Wall Street Week/Fortune

Damon Cassell dcassell@gmail.com
Sat Feb 12 13:08:25 EST 2005


> Bad analogy.  Digital music is a threat to the recording industry because
> people can get it for free.  Satellite radio costs money each month.
> Traditional radio is free.

It is not a bad analogy. Apple is making killer money legally selling
songs for 99 cents each to iPod owners through it's iTunes Music
Store. They've sold 200 million songs so far. Do the math. Those are
people who are now no longer walking into record stores and buying
little plastic discs for $16. The distribution side of the business
has changed entirely and it does not favor the big record labels any
longer. Worse yet, customers can pick and choose what songs they want
to listen to. If they download a song that stinks, they aren't going
to buy any more songs from that album or artist. They just paid 99
cents to avoid a $16 mistake. So not only has the distribution gotten
away from the recording industry, people have far more control over
the quality of what they listen to. And this hurts the recording
industry bigtime because most of what the major record companies put
out is complete crap.
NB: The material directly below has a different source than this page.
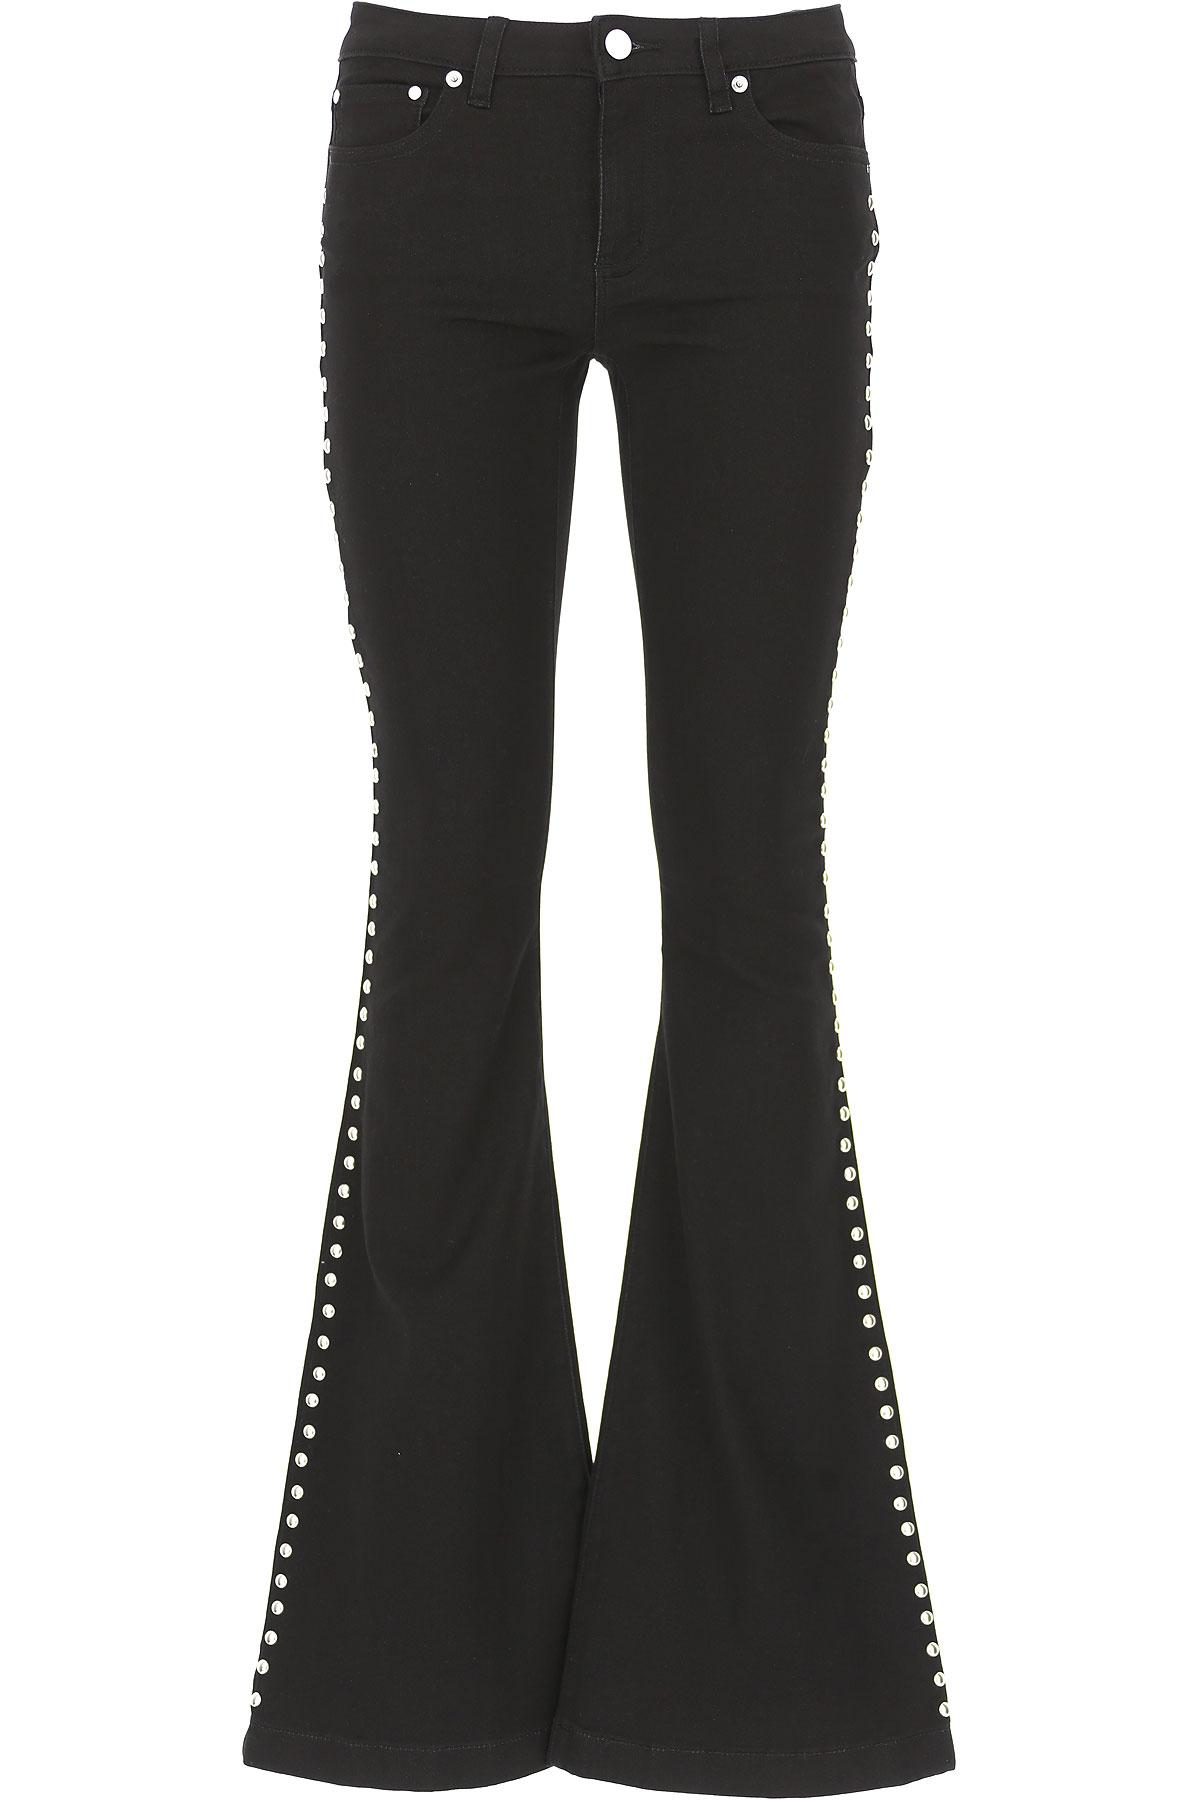 Michael Kors Jeans, Black, Cotton, 2017, 26 28 USA-473391

Indepedent labels with good talent are now back
on a level playing field. Basically, what goes around has come around
for the record companies. They have resorted to suing their customers
to maintain cash flow.

Satellite radio is built on the same principles. Low cost, high
quality, variety and control. People know what this is worth and will
pay for it. Radio will continue to tightly-format and demograph itself
to death and in the end radio station owners will still wonder what
they did wrong. You'll see more NAB lawsuits and lobbying designed to
hurt satellite radio but no real competitive changes.

We haven't even mentioned next-gen cellular services, which promise to
stream digital music and entertainment to handsets. Sprint is already
testing it. Combined with Bluetooth and wifi, you'll see all kinds of
devices ready to receive, record and share streams. We've only seen
the tip of the iceberg in terms of things that will hurt radio.